**ACTIVITY:**
Find, in the records below, the line that contains "Julianna Margulies apologizes." and the line that contains "Collier upcyclé grille". Copy those two lines and everything between them exactly, but not the pictures.

[RECORDS — start]

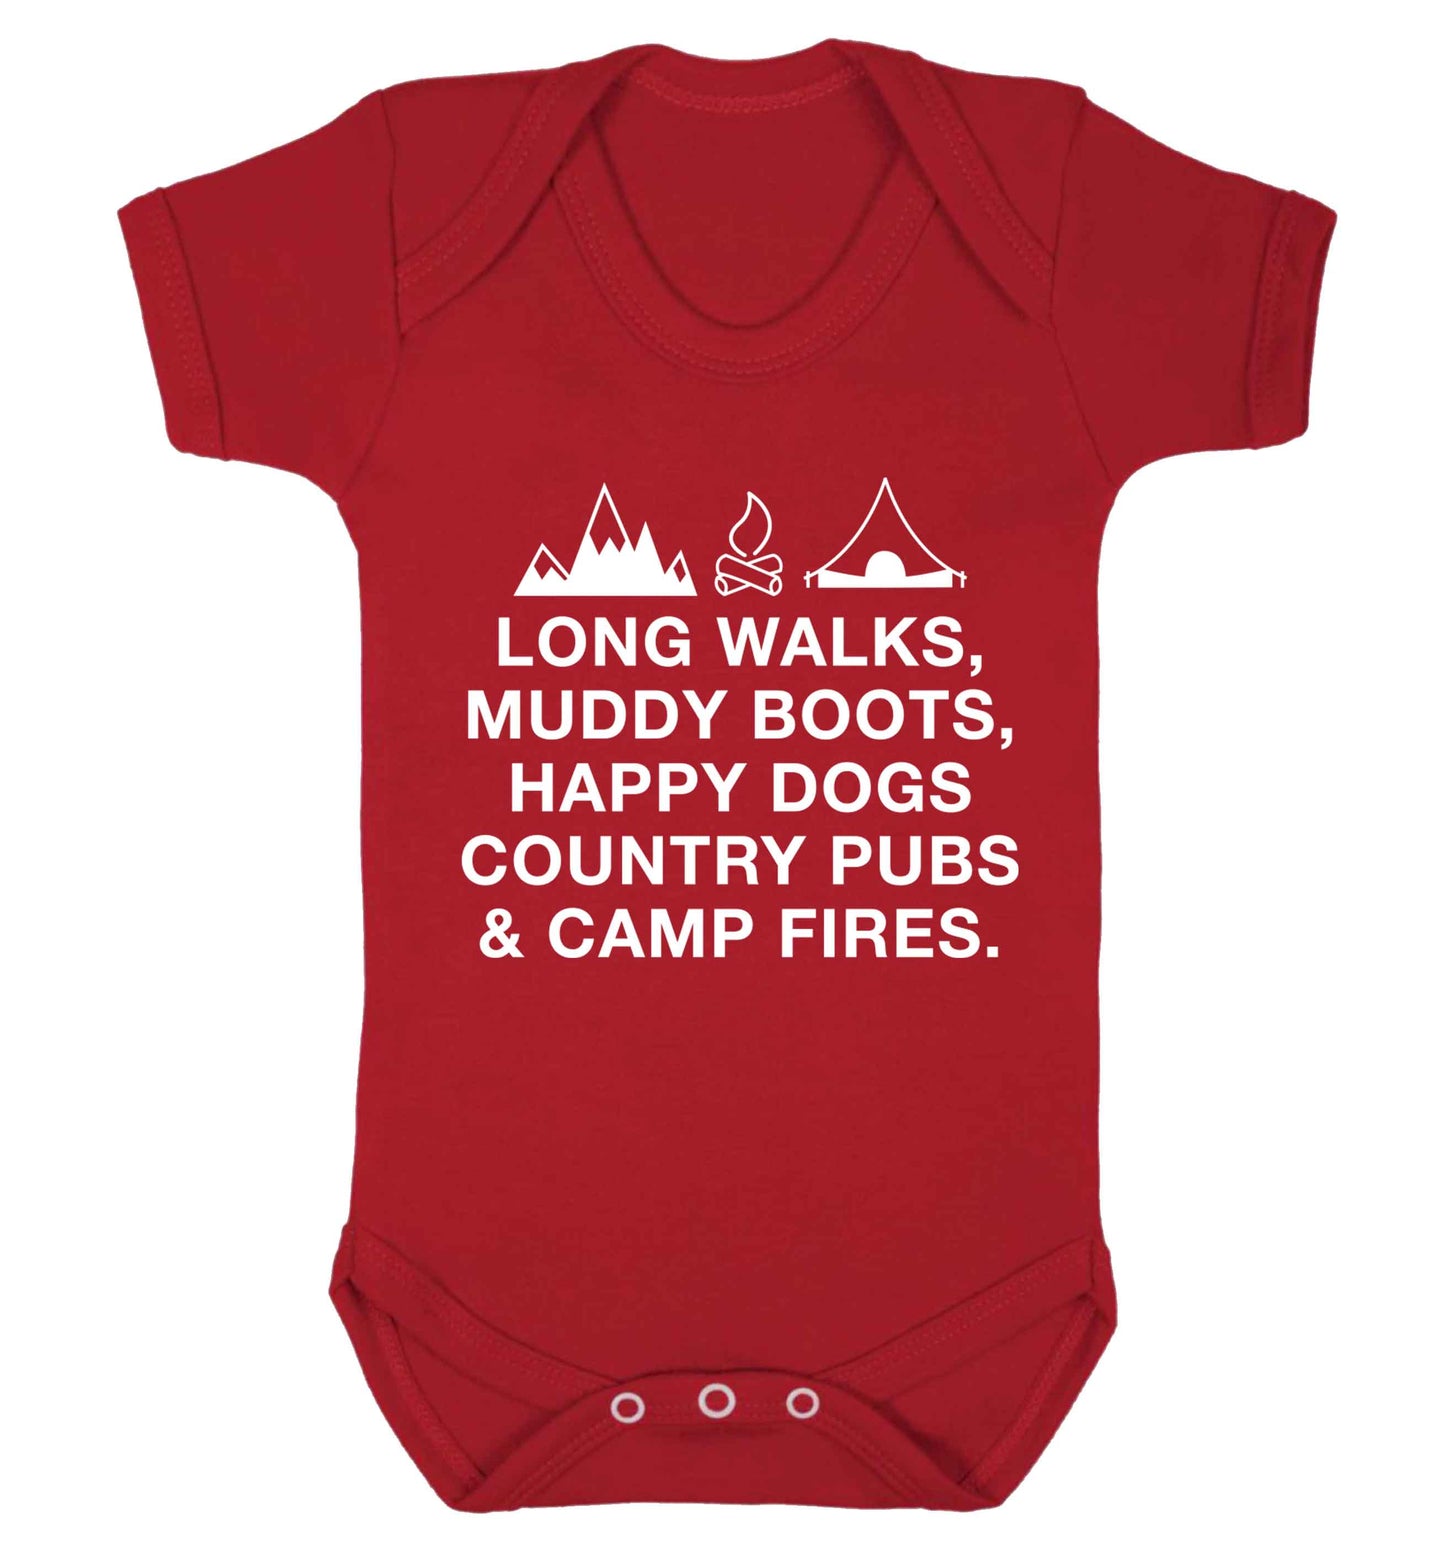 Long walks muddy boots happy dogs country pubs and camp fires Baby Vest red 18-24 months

[RECORDS — finish]
[RECORDS — start]

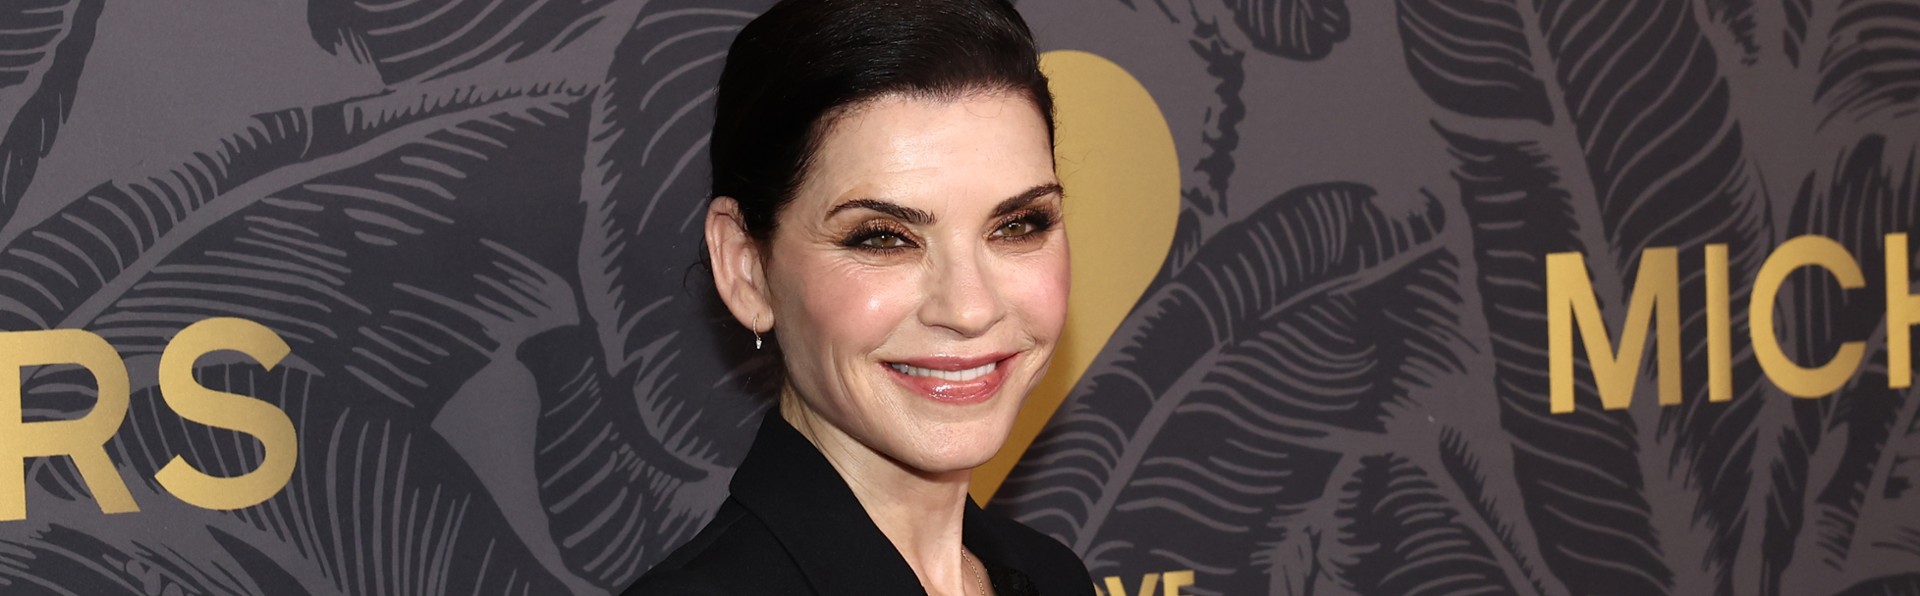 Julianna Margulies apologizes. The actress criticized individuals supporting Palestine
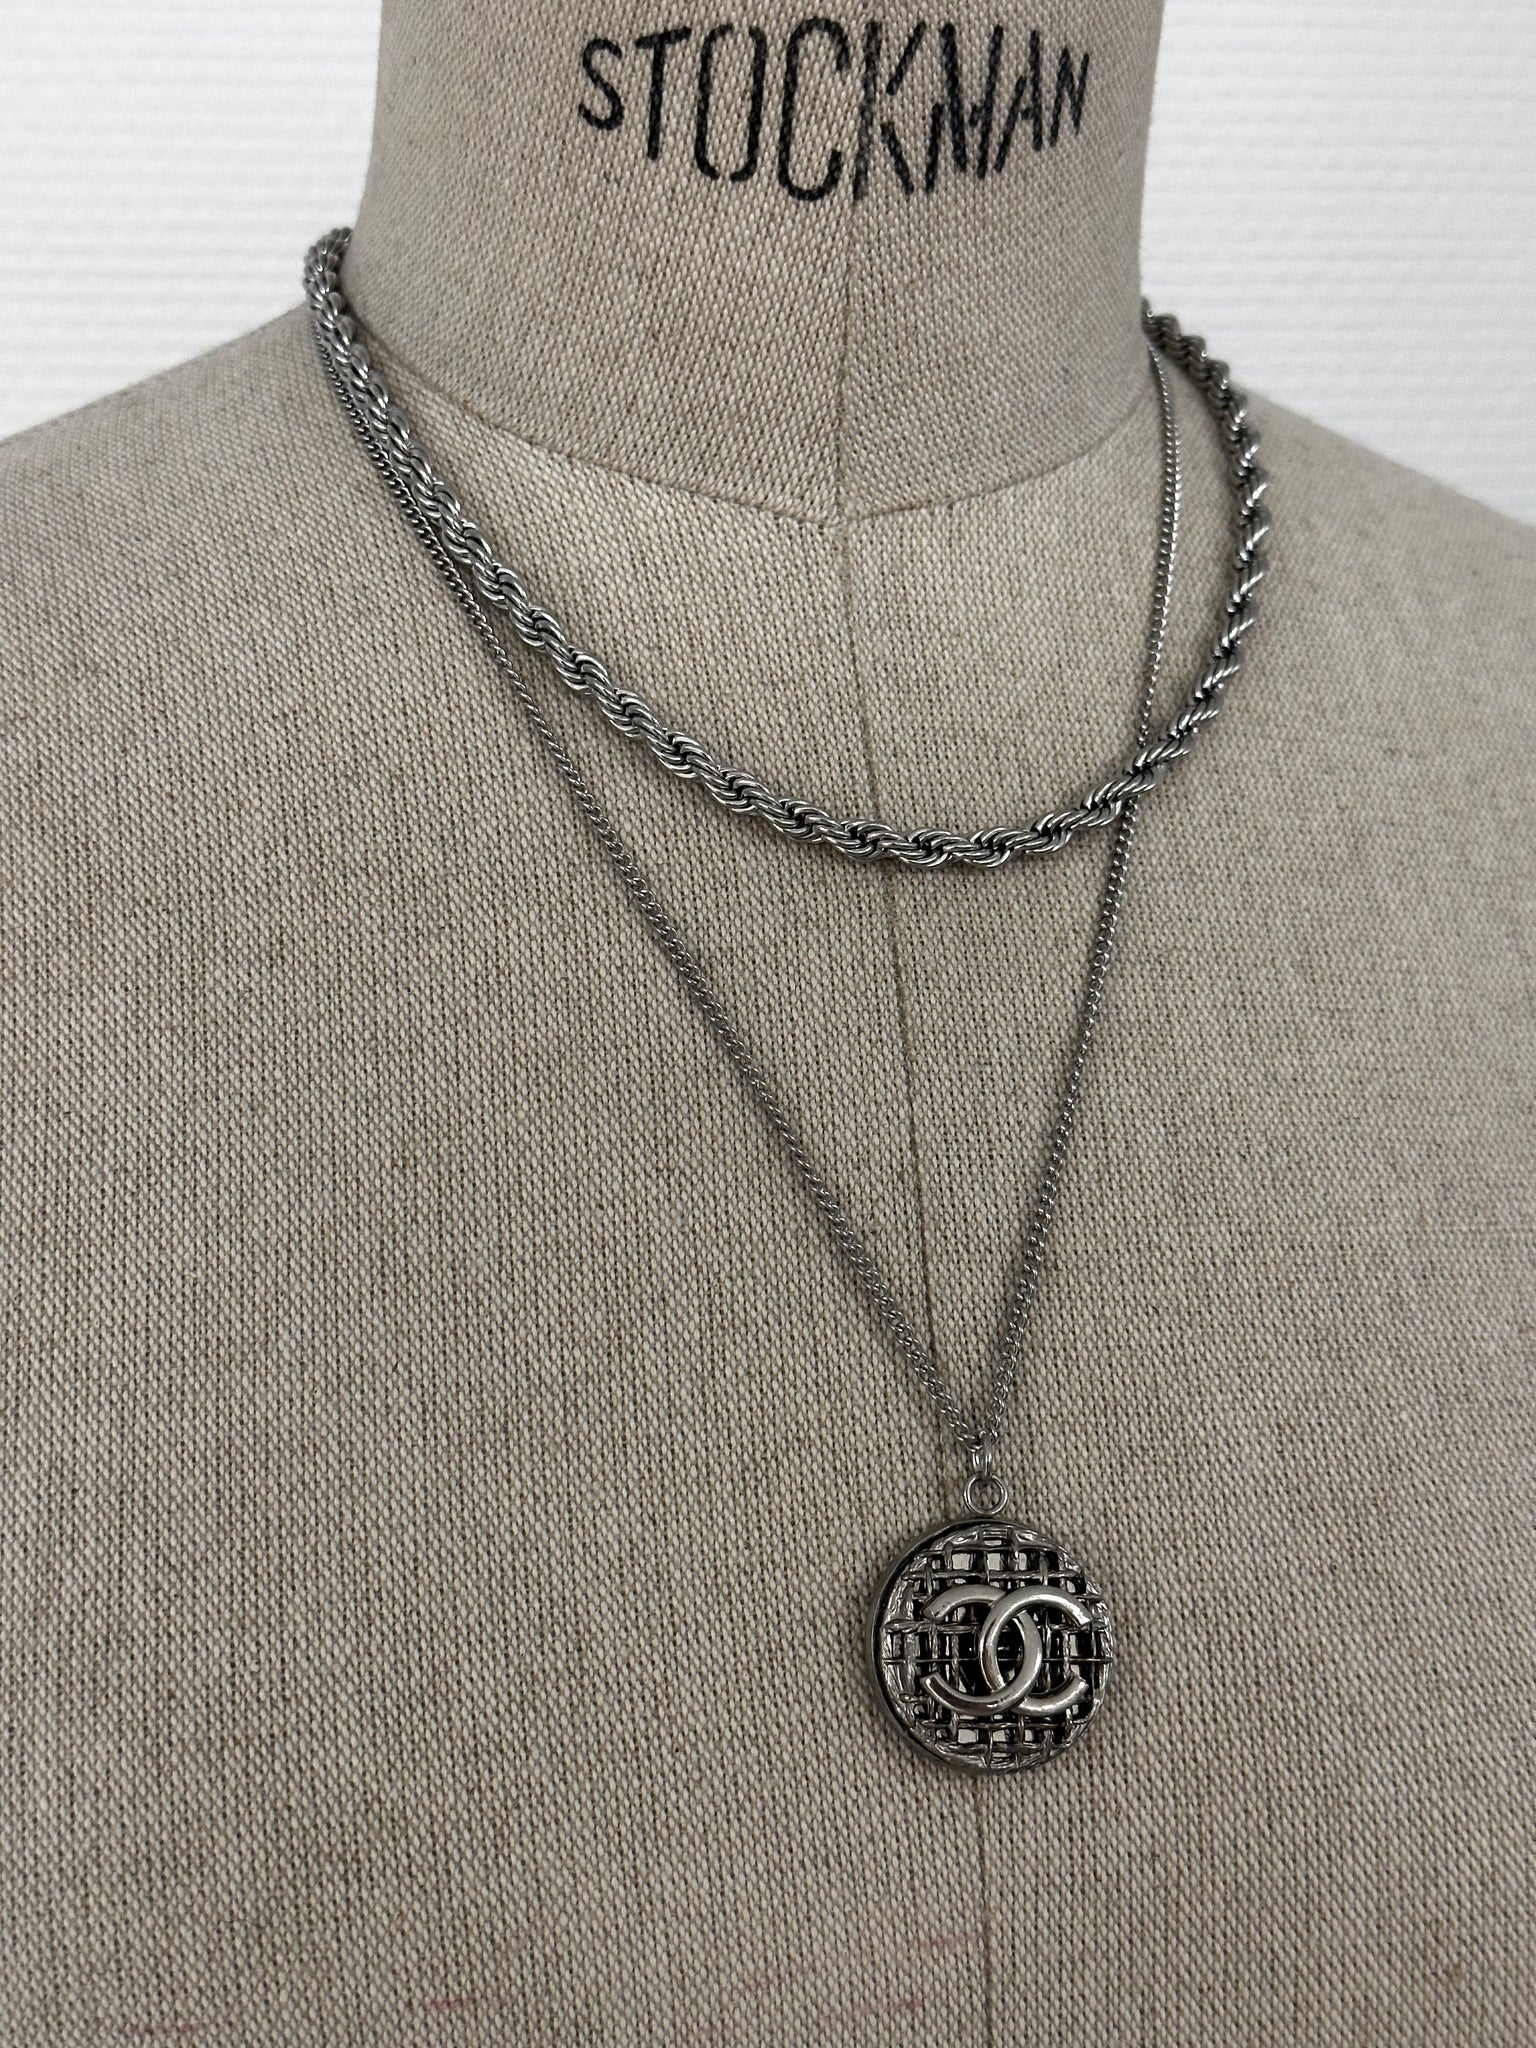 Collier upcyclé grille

[RECORDS — finish]

**EXERCISE ANSWER:**
 Julianna Margulies apologizes. The actress criticized individuals supporting Palestine
 Collier upcyclé grille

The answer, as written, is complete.